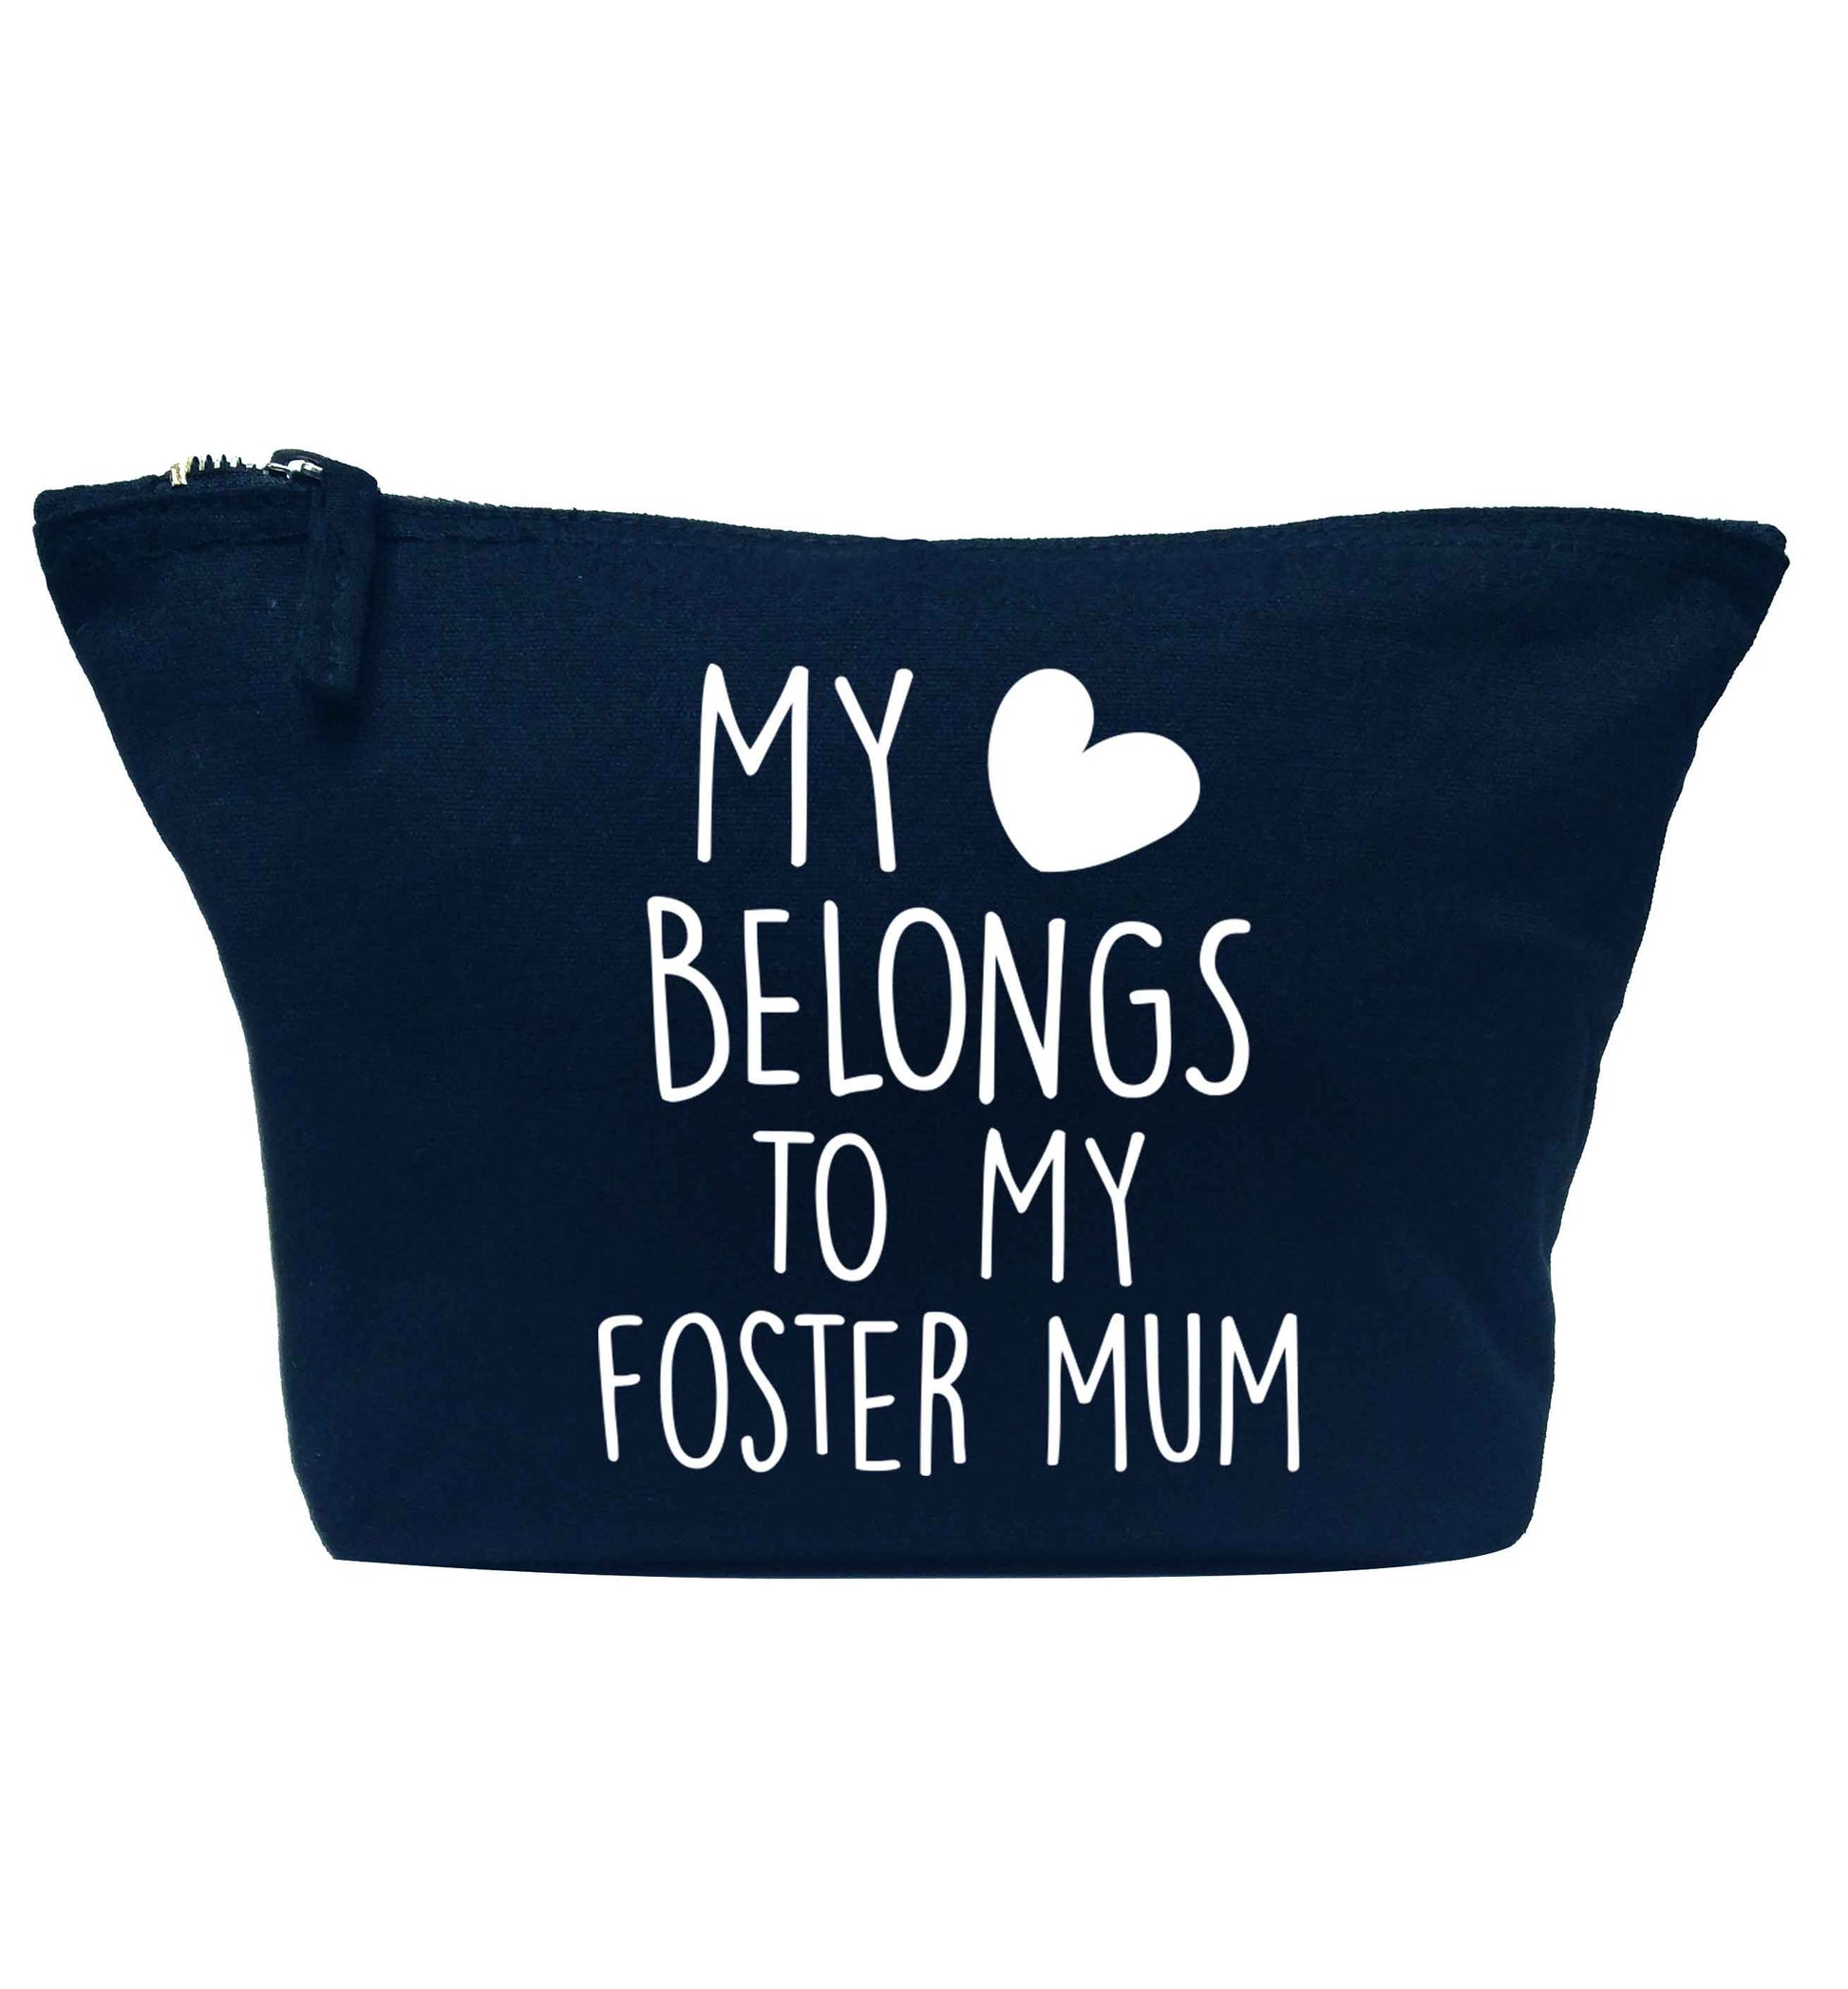 My heart belongs to my foster mum navy makeup bag
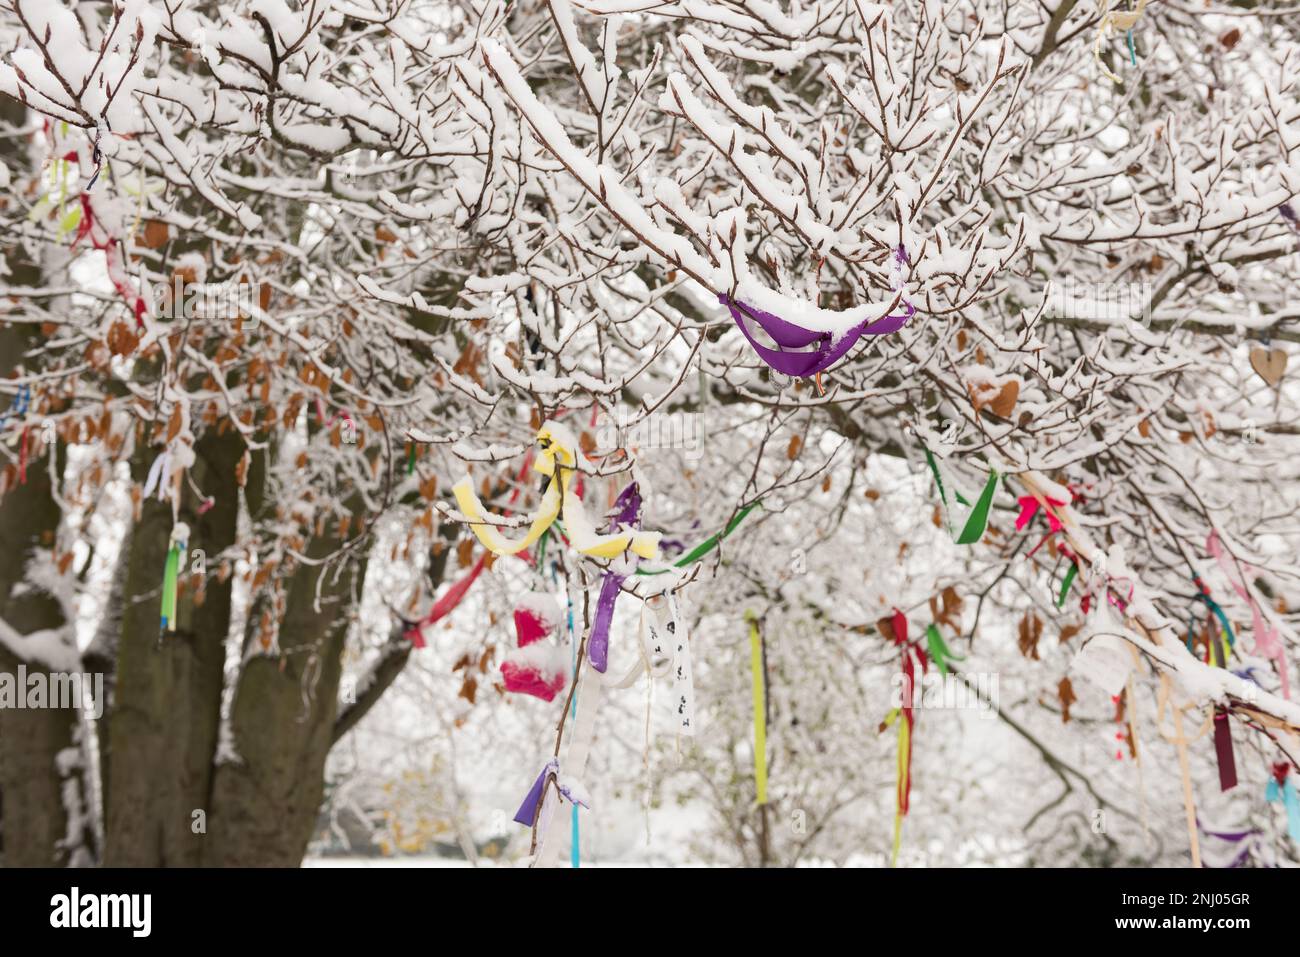 Ruban arbre, rubans colorés, colliers et bandes attachés sur les branches d'un arbre de prière de hêtre près de la barrow à Coldrum long barrow Banque D'Images
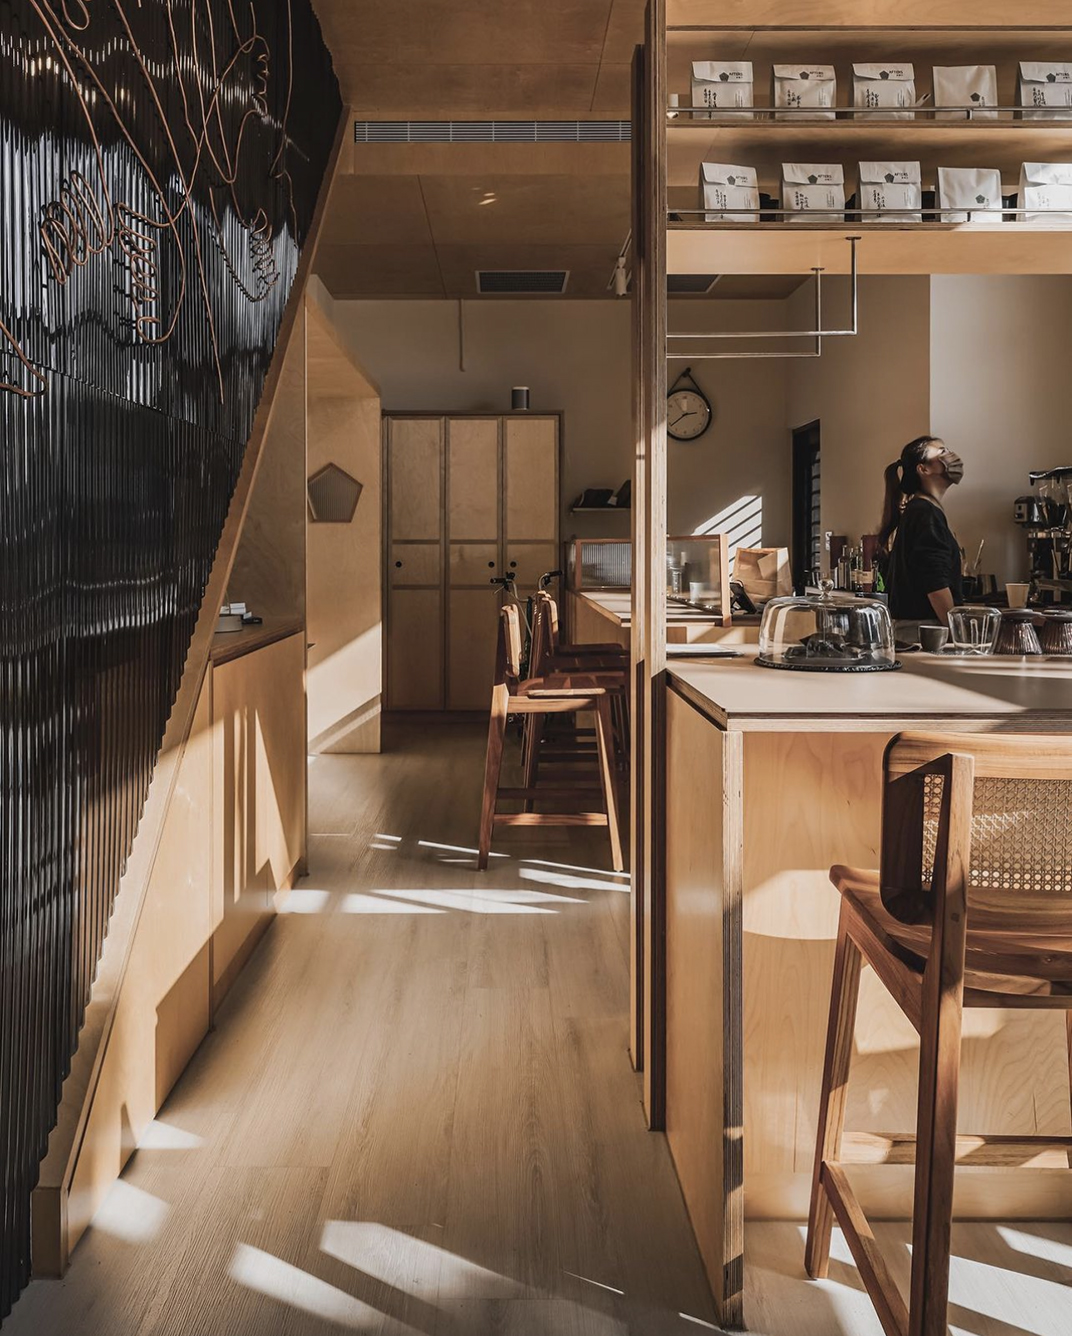 咖啡店After5步骤六龟山店 上海 杭州 成都 北京 台湾 咖啡店 木材 亚克力 logo设计 vi设计 空间设计
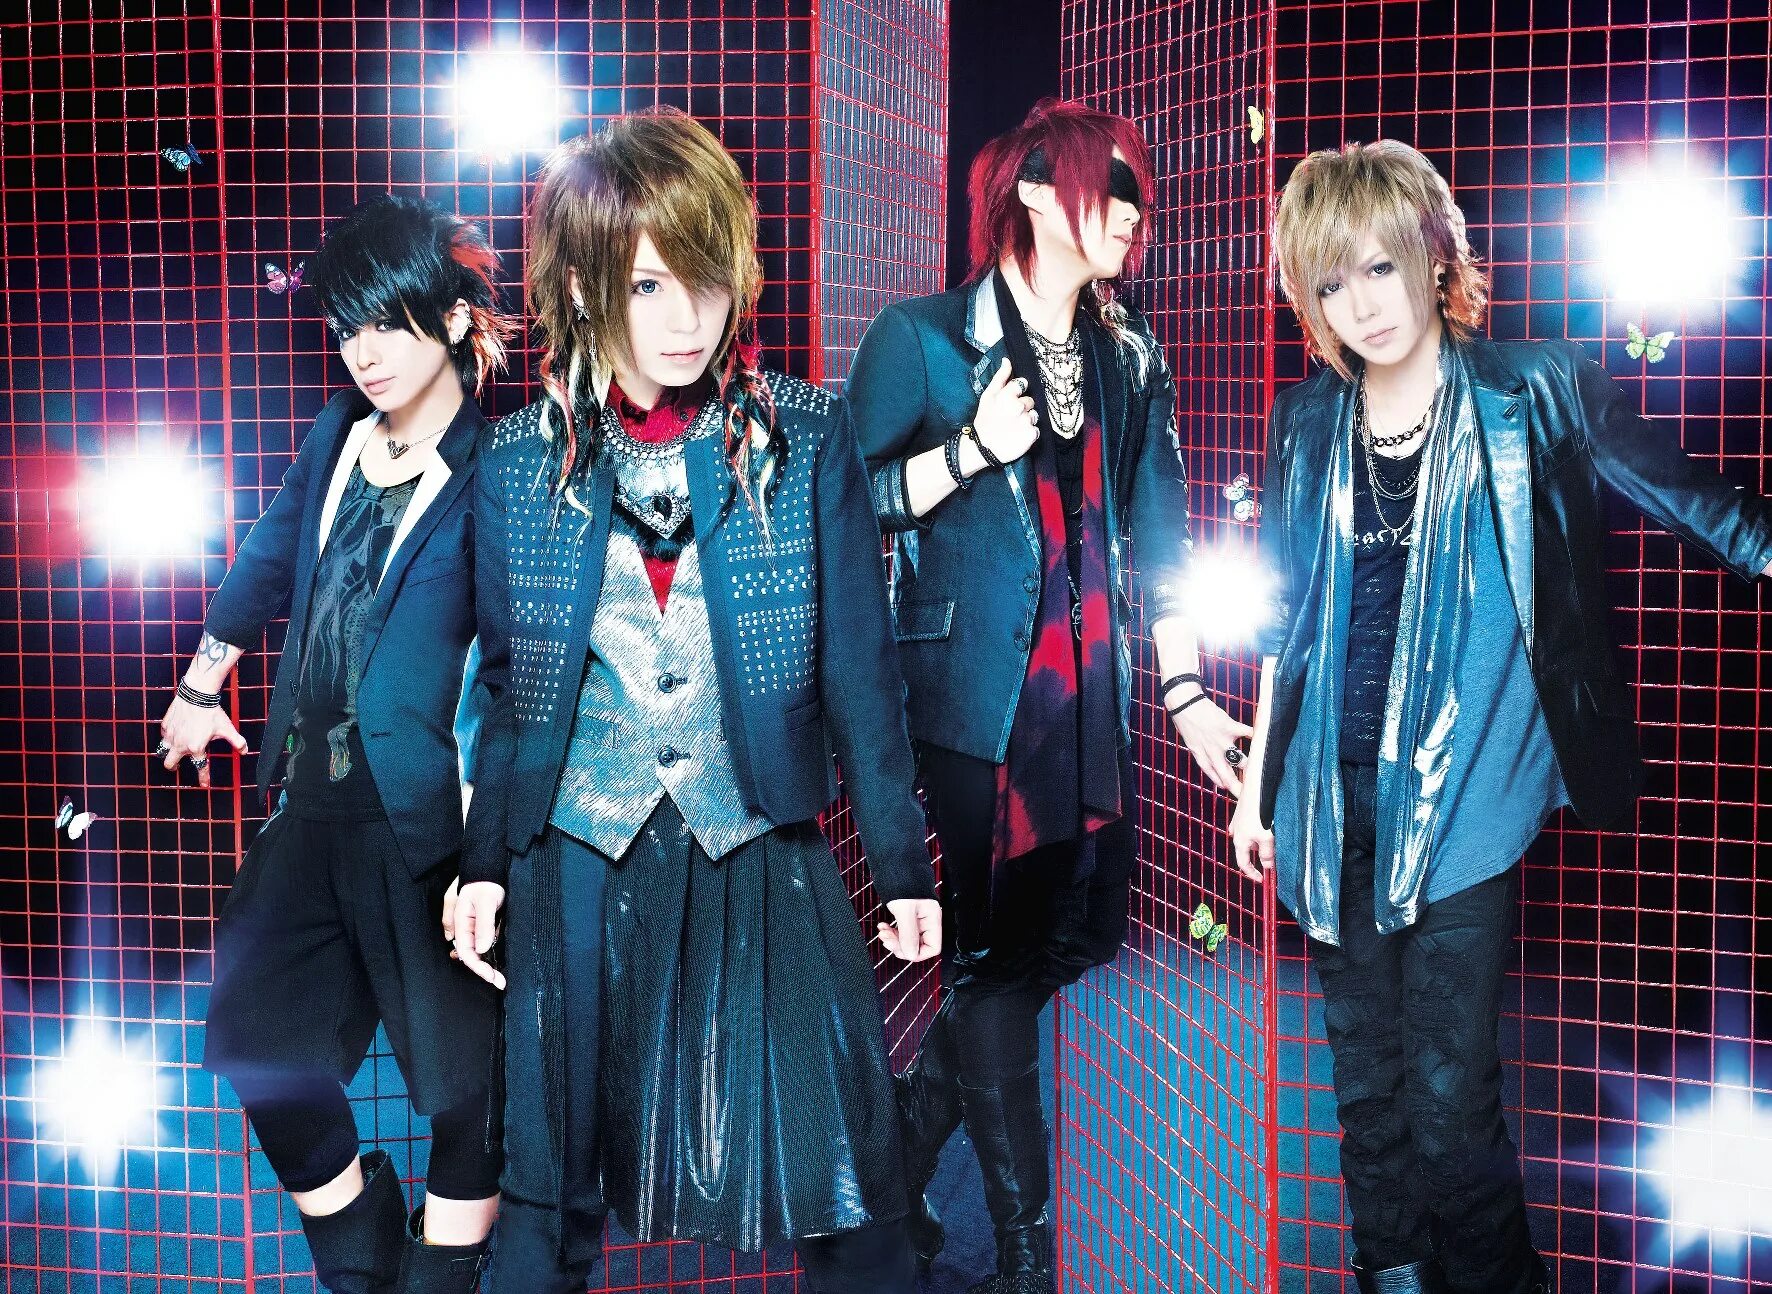 Div картинки. Японская группа Reiji. Японские музыкальные группы парней. Японская группа певцов мальчиков. Японские группы музыкальные мужские популярные.

_Work instruction_. Pictures stay out. Copy exactly, and only, the lines from the one containing "咖啡店After5步骤六龟山店 上海 杭州" through the end of the data.

_Problem solution_.
 咖啡店After5步骤六龟山店 上海 杭州 成都 北京 台湾 咖啡店 木材 亚克力 logo设计 vi设计 空间设计
 Div картинки. Японская группа Reiji. Японские музыкальные группы парней. Японская группа певцов мальчиков. Японские группы музыкальные мужские популярные.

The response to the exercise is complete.